Well, then...give it up, Bitch!
One of the most underrated things in all of sex is a good old Handy J. I once had a co-worker say to me that if a chick is going to give him a hand job, and only a hand job, he’ll pass, “because I can do that myself.”
You know what I said to him? ”Fuck you.” That’s what I said to him. His statement is, to this day, the most ridiculous thing that I have ever heard come out of anyone else’s mouth. Sure, we all like to get our hogs into the foxhole, but getting a hand job from a chick is infinitely better than doing it yourself.
Why? Because I always know what my hand’s next move is going to be. Sometimes I even get in a rut and do the same shit, time after time. Right hand, left hand, cowboy, conventional, off hand ring finger in the butt – POW. Clean up and move on about my business.
With a little lady facing me, using both hands and rubbing that shit on her tits and such – there’s no comparison.
"...aaaaand enter the black dick...stage left..."
Interracial porn. There are few things better on this Earth. Maybe Mexican food. Mexican food is pretty fucking delicious. Led Zeppelin was pretty god damned stellar too. Mexican food and Led Zeppelin are about it, though. Then, it’s Black Dicks, White Chicks.
"Now you go on and remember to wipe completely next time, or you're gonna get it again!"
Everyone likes a good ass whipping, right? I know I sure do. Show me a chick getting her ass beaten to a crimson pulp, and I will show you a guy with a dick harder than gypsum.
The very best ass whipping site that has ever existed is Whipped Ass. It’s lesbian BDSM, for fuck’s sake! You will agree with me, or you will be punished.
I would give up one of my testicles just to be allowed to slip the head of my boner into one of her socks.
I plan to kick the shit out of this week. Fuck this manic Monday cunt shit — I WILL FUCK YOU UP MONDAY! Tuesday, you’d better have clean underwear on, because I’m coming for your fat ass next!
Please support your local cock by checking out these stunningly beautiful women.
Nom, nom, nom, nom...
It’s the end of another smut-filled week for me, so I want to go out with a bang. What better way to put my stamp on this week than to direct you to male strippers – sometimes wearing bear suits — getting sucked off by horny sluts.
Cheers!
Shit won't be so funny once I get my hog up in your guts.

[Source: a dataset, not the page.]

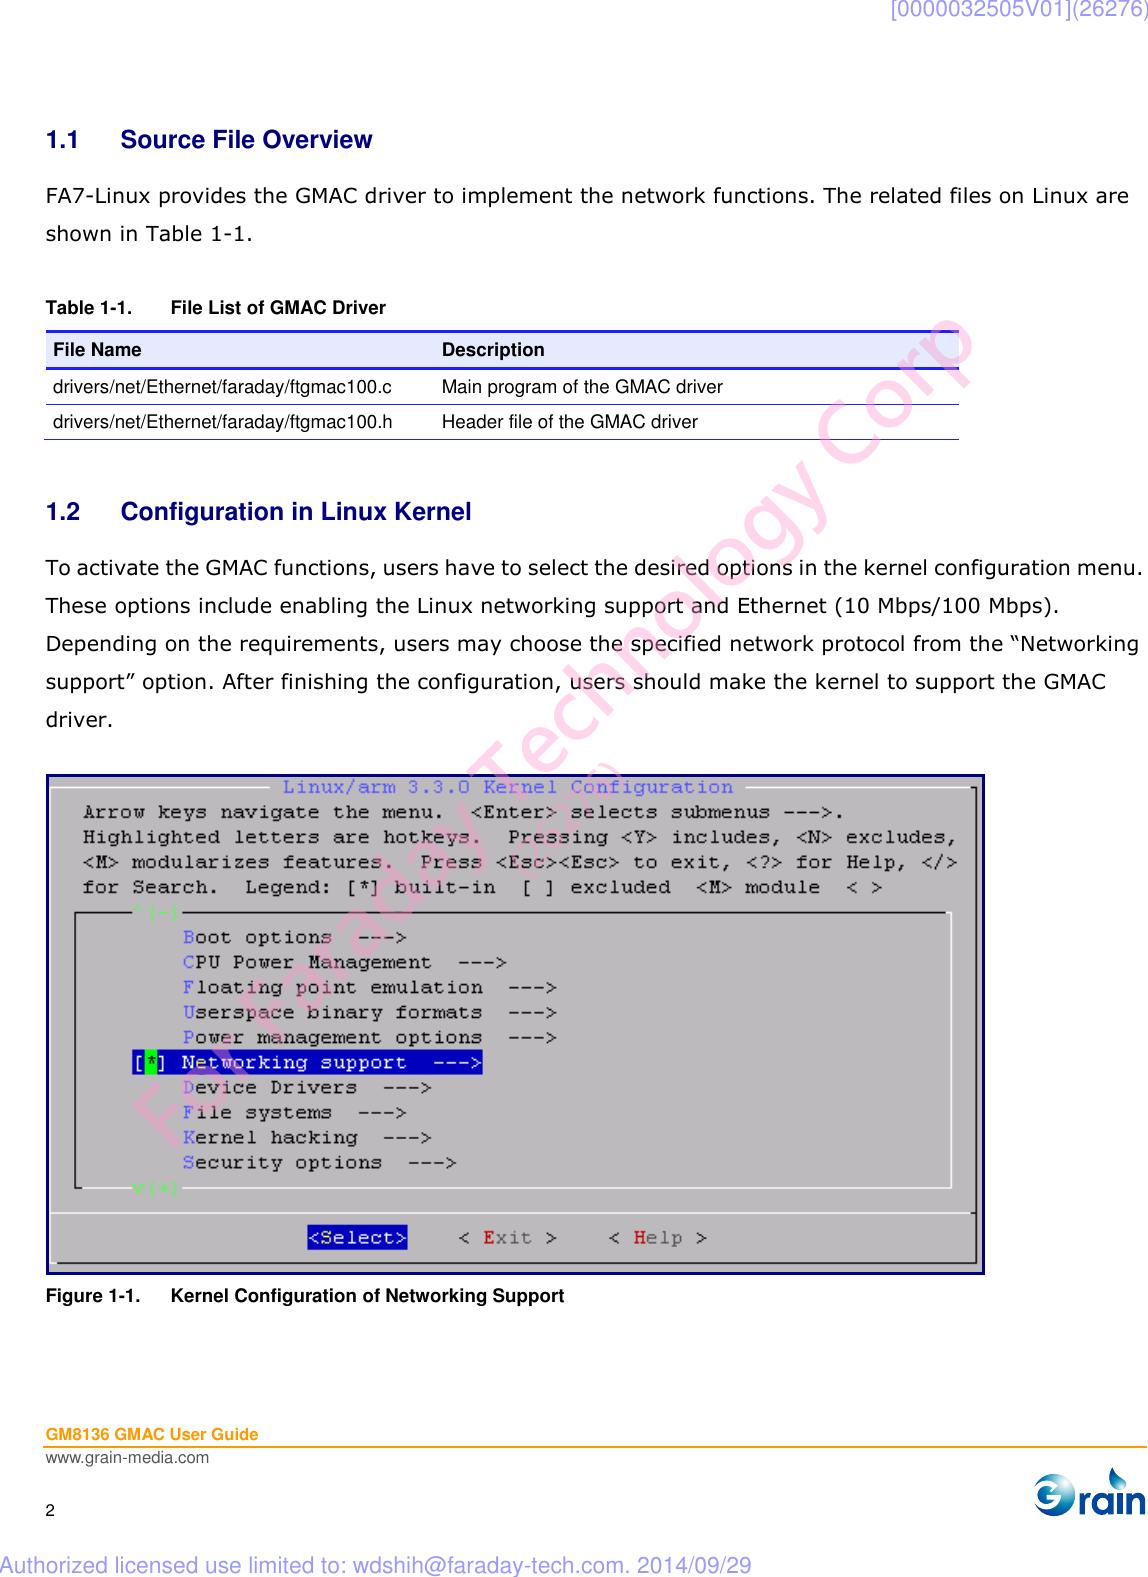 Description GM8136 GMAC User Guide V1 0

I had a chick ask me one time if I , “liked to watch?” What the fuck kind of question is that? That’s like asking, “Would you like me to stop hitting you in the face with the sharp end of this fucking claw hammer?”
Of course I like to watch. Everyone likes to watch. Never in the history of boners and slits has someone seen a couple of people fucking and said, “EWWWWWWW!!” and ran out of the room. Well, maybe in George Wendt’s house – but you know what I mean.
Watch people fuck.
You'd better get that mouth open...
Don’t you just love that nasty, almost mean look that super hot chicks give when they come up for air while sucking cock? You know – the one that says, “Yeah, that’s right motherfucker. I can suck your soul right through the end of this hog, so you’d better cum a fucking truckload all over my face or I will steal that fucking soul and leave your body an empty shell of bones and wasted dreams.”
You can find that exact look time and again at Amateur Allure – THE best amateur Bj site to ever exist.
I hope her step-son remembered to go to her trailer and feed her pet snake while she was out of town for this audition.
There is nothing better than a white trash slut. I want to make myself perfectly clear here. There is NOTHING — on this Earth, in this solar system, and amongst all of the things ever created — better than a white trash slut. I have spent more time in my life crawling out of trailer windows in the light of the early morning, than most people spend breathing.
Enjoy these trailer sluts.
"Does this tiara make me look fat?"
If you’ve even beat off to porn one time, and don’t know about Wicked pictures, then you are an uninformed asshole. Period.
So repent for your sins, sir. Go to Wicked, buy a little slick time, and spill your tadpoles.
Look ma -- no hands!
Yesterday I was informed by whomever runs this crazy internet thingy that some religion superstar is now following me on Twitter! Something about Awaken To God or some shit. And she even has a doctorate. OOOHHH! AAAHHH!
Anyway, I would like to welcome the good doctor with a healthy dose of destitute pseudo-hookers gagging on over-sized hard-ons and gallons of filthy stranger-cum. Enjoy, Churchie!
And remember — God created all of us in his own image, so apparently he’s up there right now, covered in angel semen and choking back a hard one.